Исходя из представлений о том, что любая популяция состоит из весьма индивидуально изменчивых особей, вид — из популяций, достаточно различных по фенотипическим проявлениям, а виды составляют роды, которые всегда в случае, если в них не один, но несколько видов, разнокачественны, можно сделать вывод и о том, что естественные роды могли происходить от столь же разнокачественных естественных родов, а любое семейство могло иметь происхождение от видов двух — нескольких родов предкового семейства. Конечно, обоснование это значительно менее веское, чем в случае монофилии, но в условиях неполноты геологической летописи кажется вполне приемлемым.

Однако легко убедиться в том, что, в отличие от анализа ряда видов, то есть эволюционирующих природных рас, составляющих клады (что и является сутью монофилетических построений), полифилия может быть обоснована только анализом град, причем именно град, ранжированных по резко разделенным уровням организации — в филемах, явно упрощенных вследствие неполноты геологической летописи. И в этом случае в схематических построениях филем исключительно велика доля субъективного решения. Возьмем для примера часть филемы рода Coiuria, демонстрирующую несомненно имевшуюся ранее общность происхождения двух наиболее отдаленных групп этого рода — обособленного южносибирско-восточноказахстанско-северомонгольского вида С. geoides и группы рас родства С. longifolia (с производным типом С. oligocarpa). Группа С. longifolia, развитая в горах северной части Центрального Китая, наиболее близка к роду Acomastylis (восточно-азиатско-американский род с одним берингийским видом, двумя восточно-азиатскими и тремя североамериканскими). Однако С. longifolia, возможно, даже более древний тип, чем виды рода Acomastylis, или, по крайней мере, хранящий некоторые более древние признаки всей этой группы. Coluria geoides — резко уклоняющийся тип, но связанный с группой С. longifolia посредством родства двух югозападнокитайских видов — С. genryi и С. purdomii. В целом филему, начинающуюся с анцестора рода (гипотетического), разумеется, надо трактовать как моно — филетическую (вероятно, с миоцена). Но если мы будем обсуждать род в целом, основываясь лишь на современных видах или в гипотетическом срезе на уровне рубежа плиоцен-плейстоцена, то мы получим полифилетическое построение (3 независимые линии развития). При этом доказательно сделать выбор в пользу монофилии или полифилии в этом случае невозможно.
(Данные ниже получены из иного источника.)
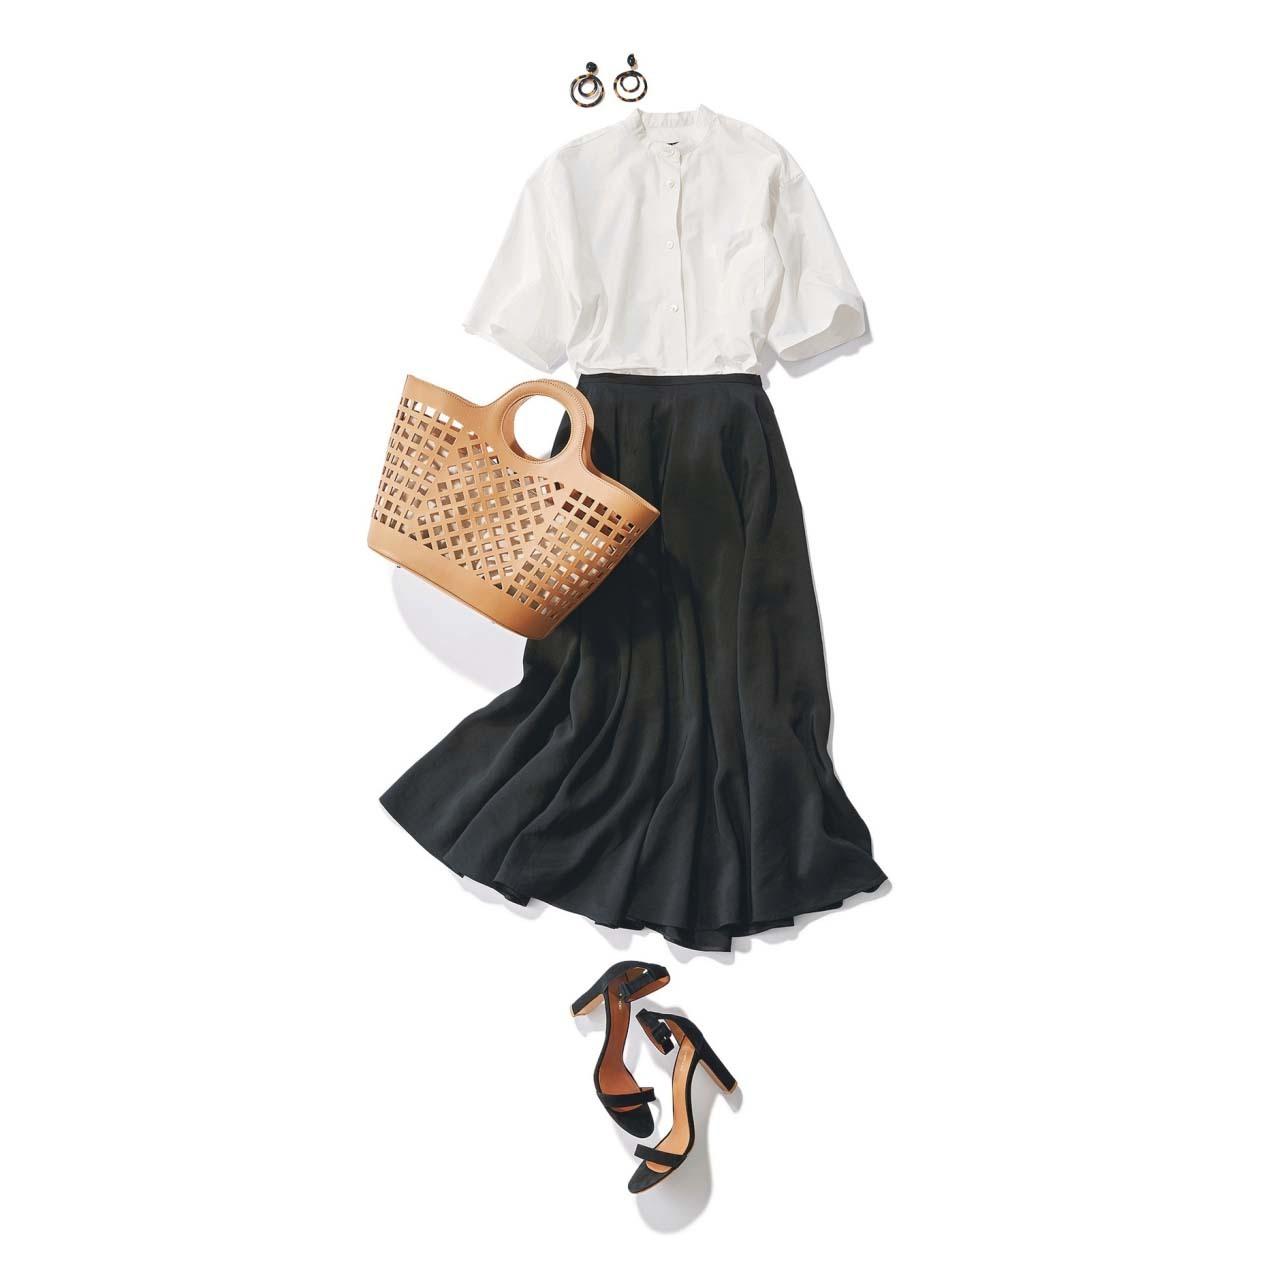 白の半袖シャツ×黒のロングスカートのモノトーンコーデ
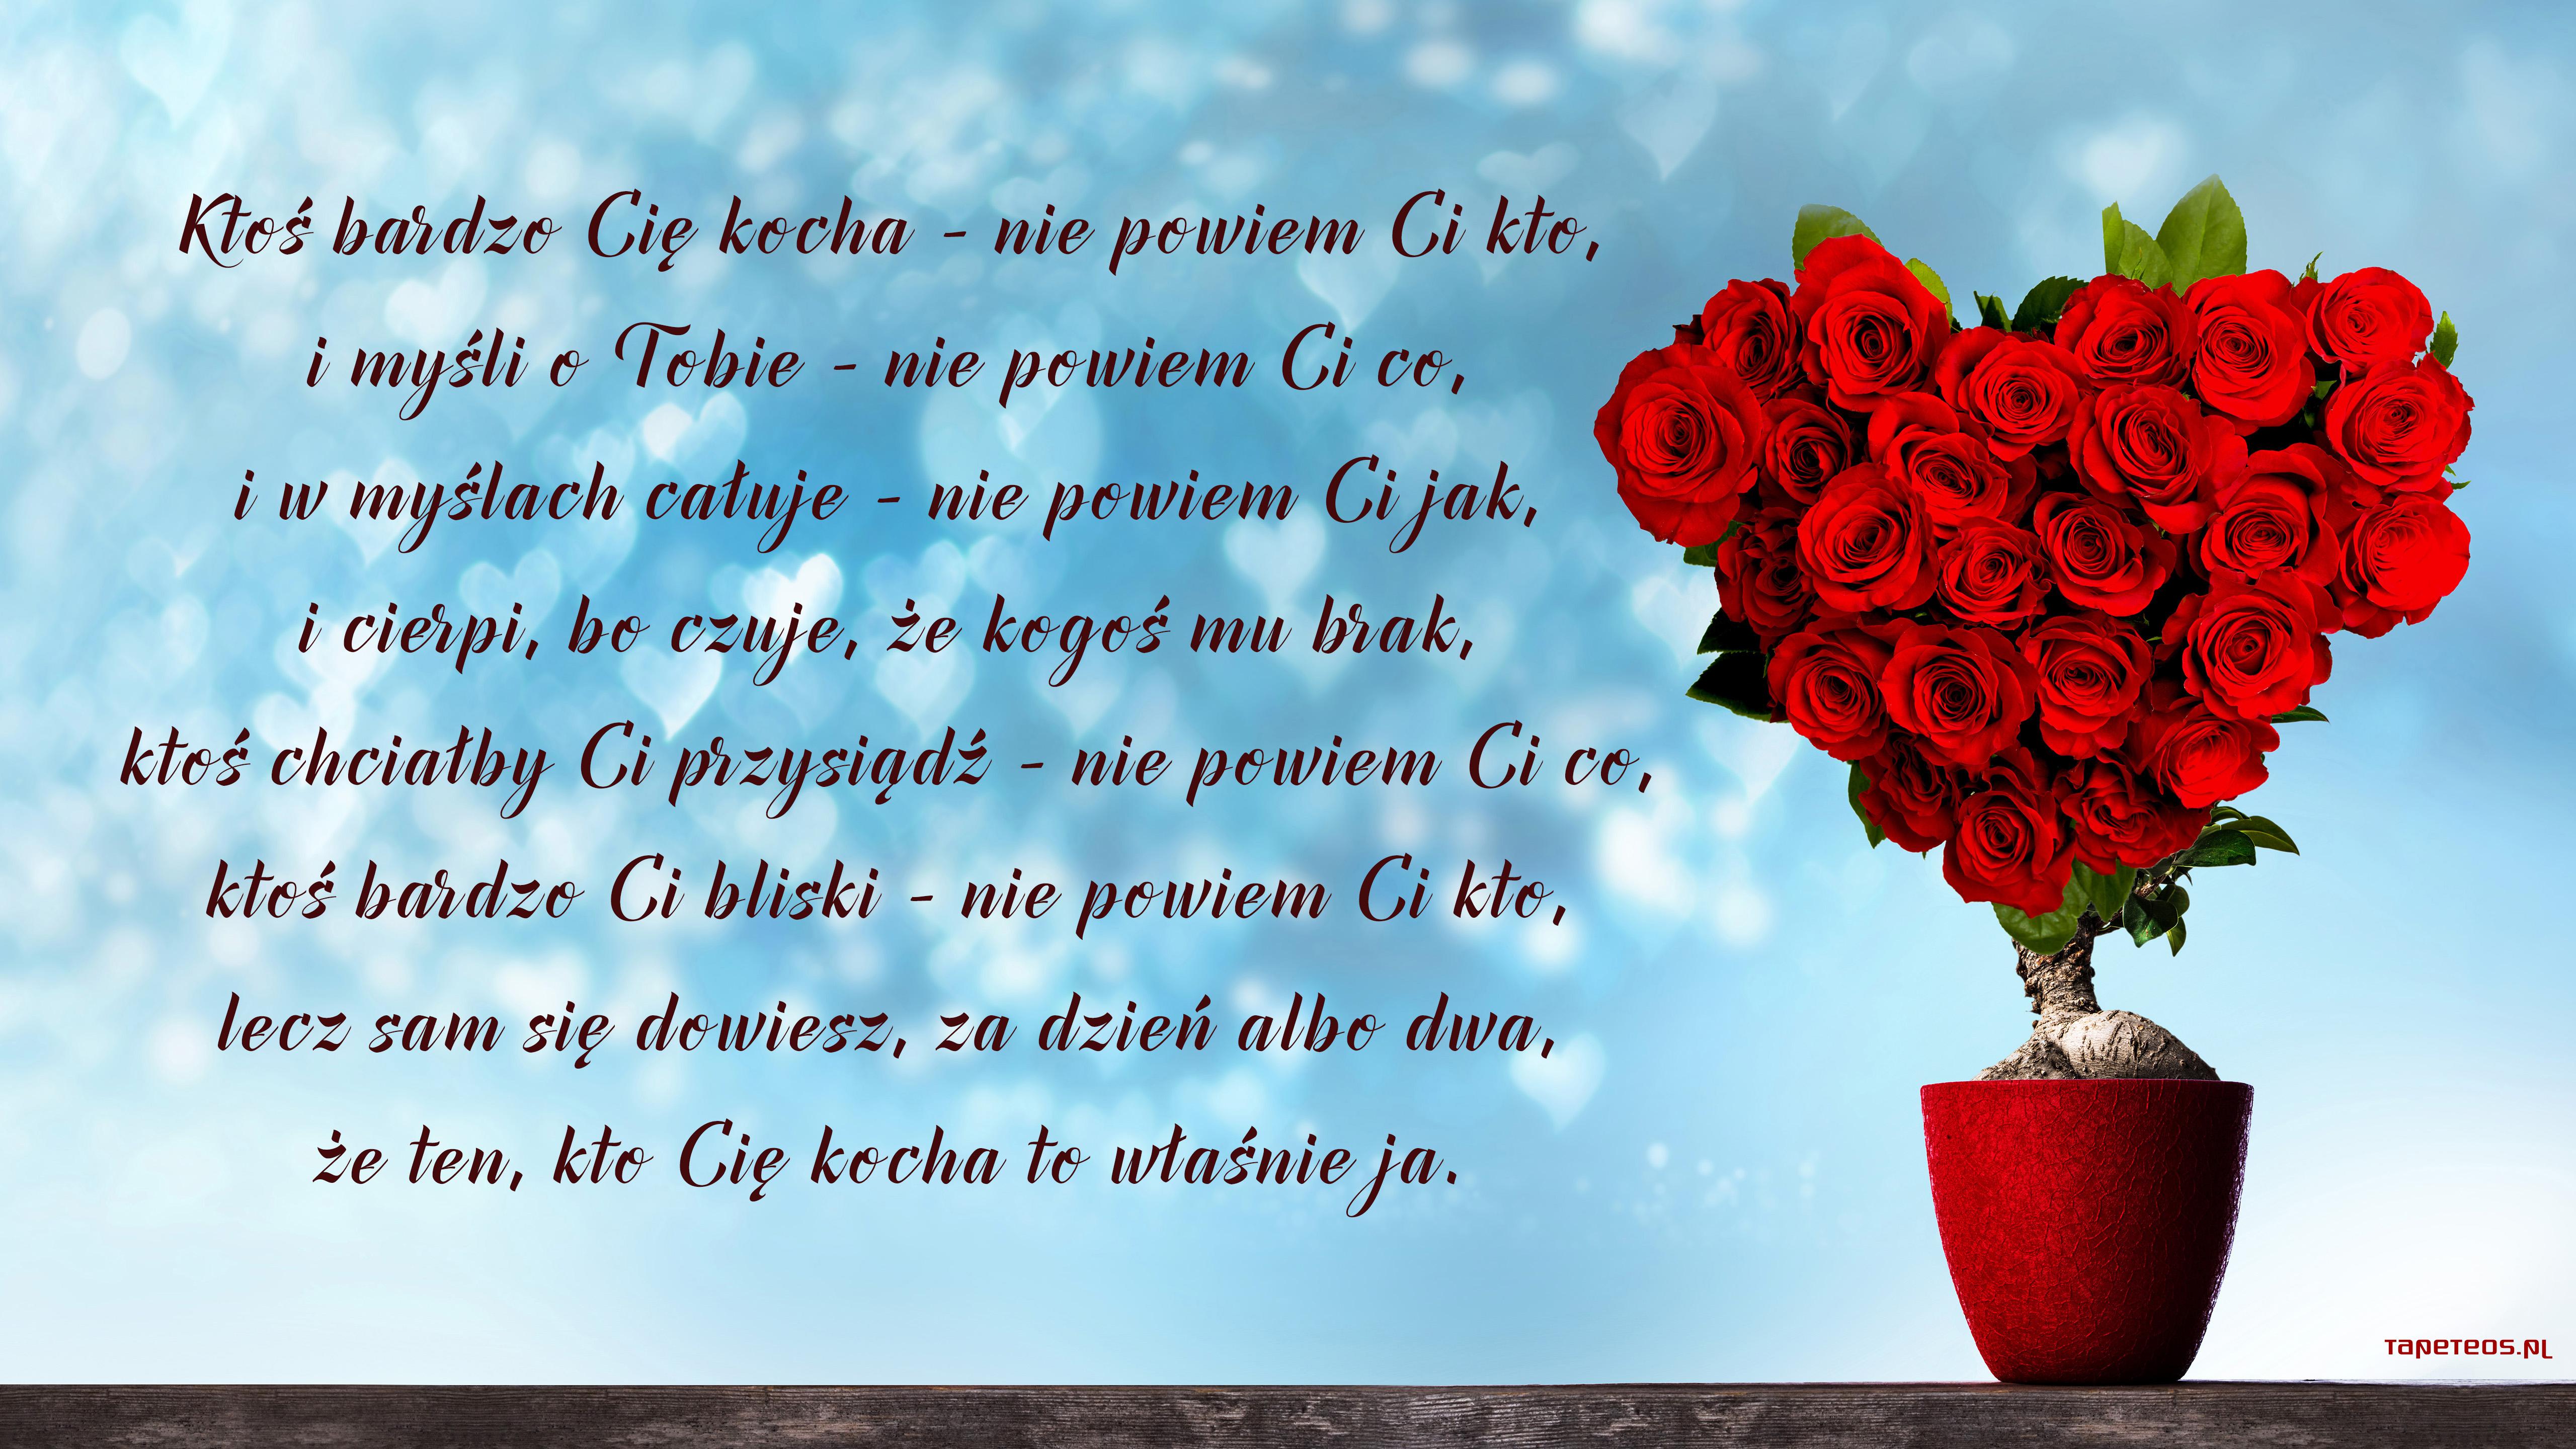 Walentynki Milosc 1459 Czerwone Roze Doniczka Wiersz

В чем тут дело? Почему малодоказательно в этом случае (и в других) любое построение? Во-первых, не раз уже говорилось, что объективно это связано с неполнотой геологической летописи, особенно в случае растений. Во-вторых, это связано с тем, что в представлениях об ископаемых видах мы по большей части оперируем уже не с реальными природными объектами, а, скорее, с некоторой суммой признаков (и это правильно подчеркивал Э. Майр). Но, справедливости ради, надо сказать, что в большинстве своем систематики-эволюционисты, работающие с крупными таксонами, точно так же и по отношению к современным видам видят в них лишь некоторую совокупность признаков. В — третьих, реконструируя родоначальный таксон, мы тем более оперируем не общим сходством, а тем более не заведомым родством, а некоторыми субъективными соображениями. А ведь это означает, что этот таксон-анцестор заведомо будет иным, по сути, объектом, чем современные его производные. Ведь мы так мало знаем об этом анцесторе, даже если наряду с современными обобщаем и данные о некоторых признаках ископаемых видов, также, возможно, сводимых к этому анцестору.

Наконец, в-четвертых, немало значит и то, что за таксон (по объему и рангу) мы получаем при реконструкции анцестора. Это хорошо понимал Д. Симпсон («Principles of animal taxonomy», 1961) и пытался как — то выправить с позиций сторонника монофилии таксонов.

Симпсон обратил внимание на то, что предок (как реальный вид, существовавший в природе, и как этап эволюции) может и относиться к тому же таксону (роду, семейству и т. д.), что и его потомки (все нам известные), но может и принадлежать к другому таксону (роду, семейству и т. д.). В этом случае в филемах мы должны восстанавливать клады до таксона определенного ранга (род — до рода, семейство — до семейства и т. д.). Тогда «монофилия — это происхождение некоторого таксона по одной и более филетическим линиям от одного непосредственно предшествовавшего таксона того же или более низкого ранга» (Симпсон). Но ни в коем случае — от таксона более высокого ранга.

Эта концепция, вообще говоря, основанная на представлениях об уровнях организации (градах), но изменяющая на этом основании построения клад, конечно, имеет право на существование как методический прием. Но как собственно филогенетическое построение она имеет чрезмерно высокую стоимость. Чем выше ранг таксона (даже в случае, если это монотипный вид!), тем меньшую эволюционно значимую цену она имеет. Восстанавливая родословную гинкго (как класса или даже отдела), мы в числе его предков должны оперировать классами (отделами) и, следовательно, скорее всего, — ничем!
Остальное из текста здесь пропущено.